[OT] Reasons not to use multiple hash functions for "more security"

[Matthieu Moy]

John Arbash Meinel <john at arbash-meinel.com> writes:

> 2) Much worse than a single well designed hash of the total length. So
> even with (1) you end up with an additive function rather than
> multiplicative. In the case of SHA1 + MD5 the complexity should be:
>
>   m*2^(n/2) + 2^(m/2)
>
>   (128)*2^(160/2) + 2^(128/2)
>   = 128 * 2^80 + 2^64
>   = 2^7 * 2^80 + 2^64
>   = 2^87 + 2^64

This is considering the case of brute-force. If coliding SHA1 is
actually 2^87, you can consider it safe, period.
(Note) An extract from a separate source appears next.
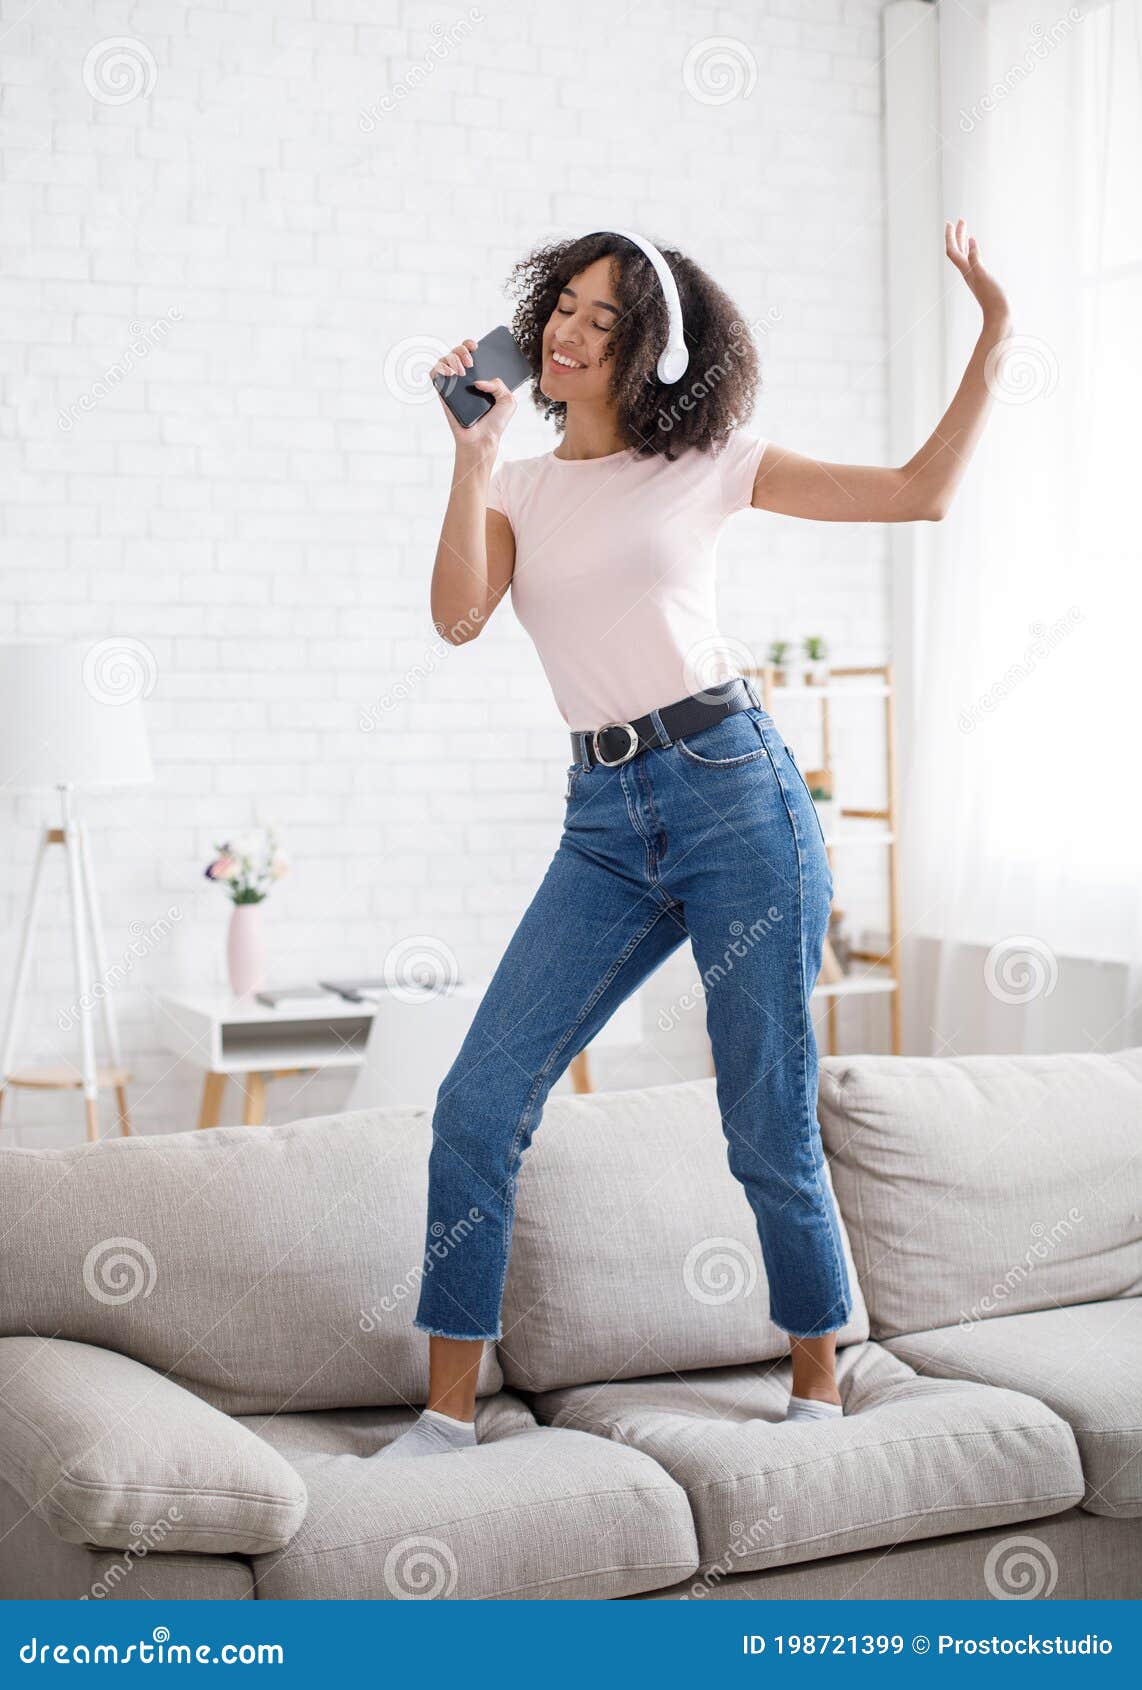 Musical Mobile App and Imaginary Microphone. Funny African American Woman  Dancing on Sofa Stock Image - Image of musical, microphone: 198721399

Now, if someone clever finds a way to colide SHA1 in n, log(n) or so,
then, one of the element in your sum becomes negligible, and the
important is to keep the other. So, having two hash functions might
not give you a 2^{enough}, but if the hash functions are sufficiently
different, the probability to have non-brute-force attack on both is
really smaller than the individual.

And another technical advantage of having two functions is that the
transition to a new function is made easier when one is considered
broken : if version N of your software considers hash1 and hash2
function, the day hash1 is broken, you can release version N+1
managing hash2 and hash3, and version N and N+1 have hash2 in common,
which is still considered secure at this point.

-- 
Matthieu